Пишу и этому соответствующее распоряжение.
За столом стоит рабочий.
— Товарищ, наш завод как один готов выступить против Керенского, да у нас нет оружия. Прикажите, пожалуйста, чтоб нам выдали тысчонки две винтовочек…
Требования самые разнообразные. От ручных гранат матросскому отряду, отправляющемуся на фронт, до просьбы арестовать укрывшегося пристава, ведущего контрреволюционную агитацию.

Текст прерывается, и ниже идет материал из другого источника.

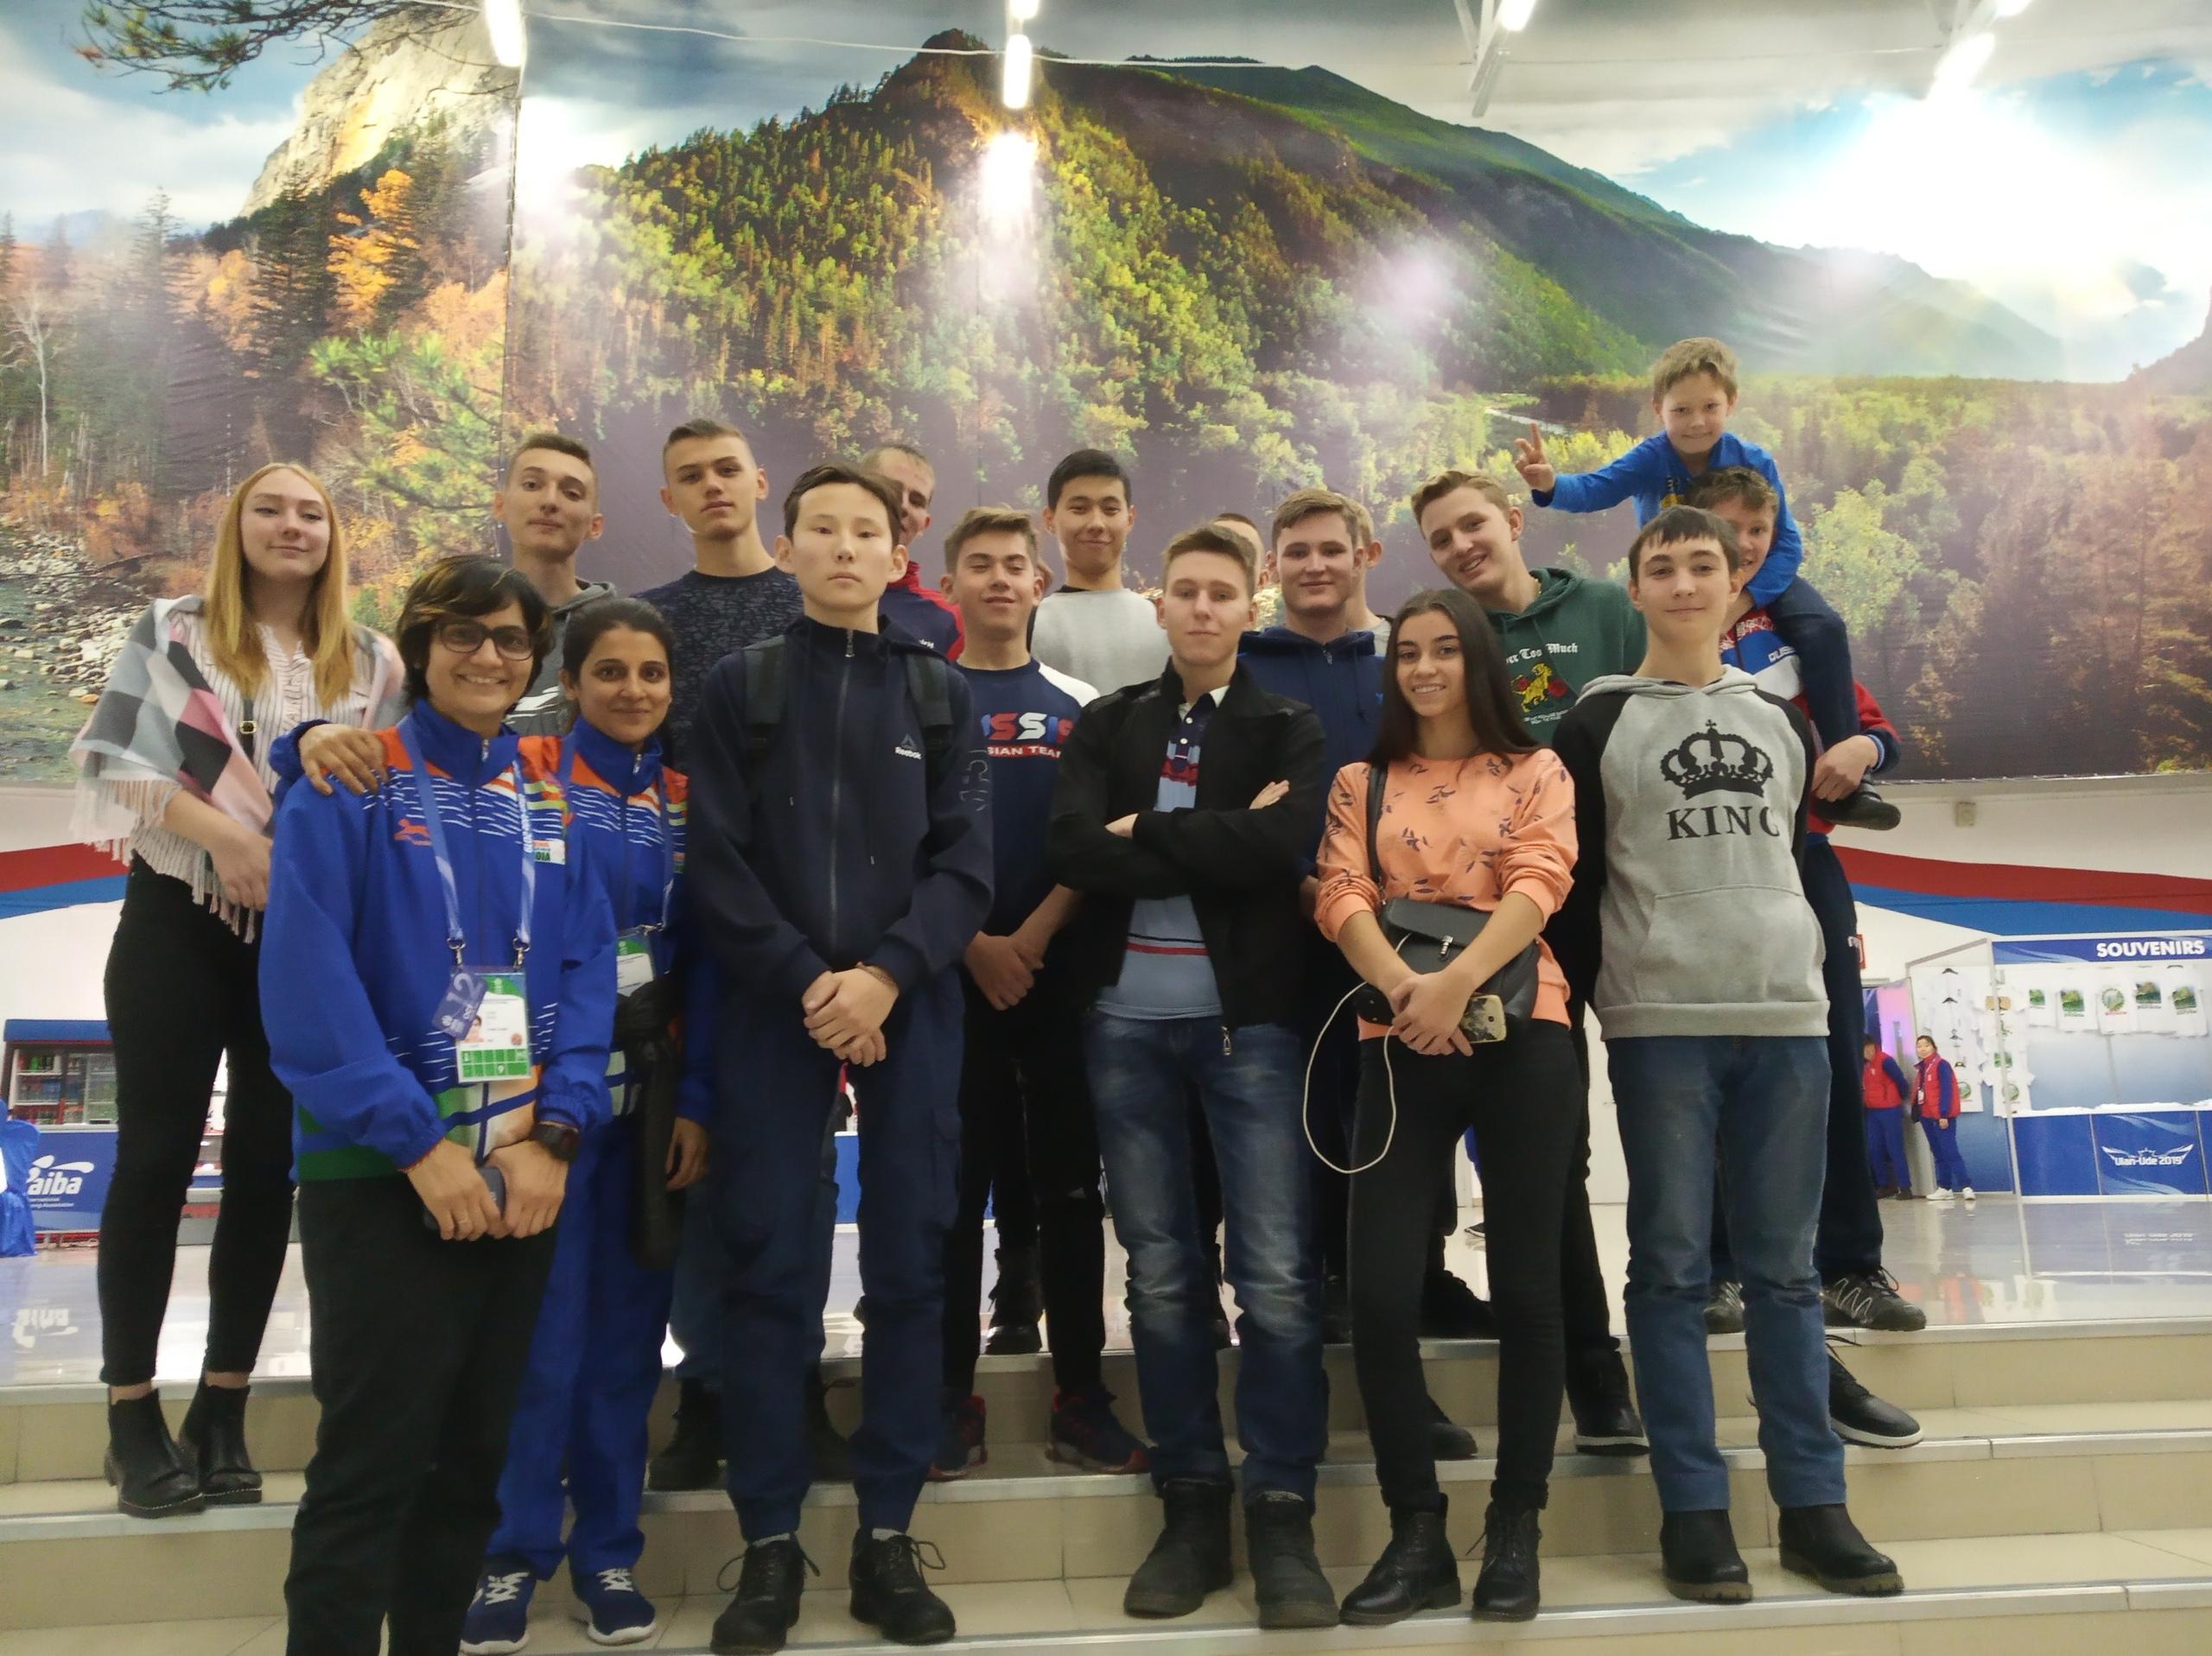 Студенты Авиационного техникума поддержали наших спортсменок на полуфинале ЧМ по боксу среди женщин

Когда мы вышли из Смольного и очутились на темной и мрачной улице, со всех сторон неслись фабричные гудки, резкие, нервные, полные тревоги. Рабочий народ — мужчины и женщины — выходил на улицу десятками тысяч. Гудящие предместья выбрасывали наружу свои обтрепанные толпы. Красный Петроград в опасности! Казаки!.. Мужчины, женщины и подростки с ружьями, ломами, заступами, мотками проволоки, патронташами поверх своей рабочей одежды тянулись по грязным улицам к югу и юго-западу, к Московской заставе… Город никогда не видал такого огромного и стихийного людского потока. Люди катились, как река, вперемежку с солдатскими ротами, пушками, грузовиками, повозками. Революционный пролетариат шел грудью на защиту столицы рабочей и крестьянской республики!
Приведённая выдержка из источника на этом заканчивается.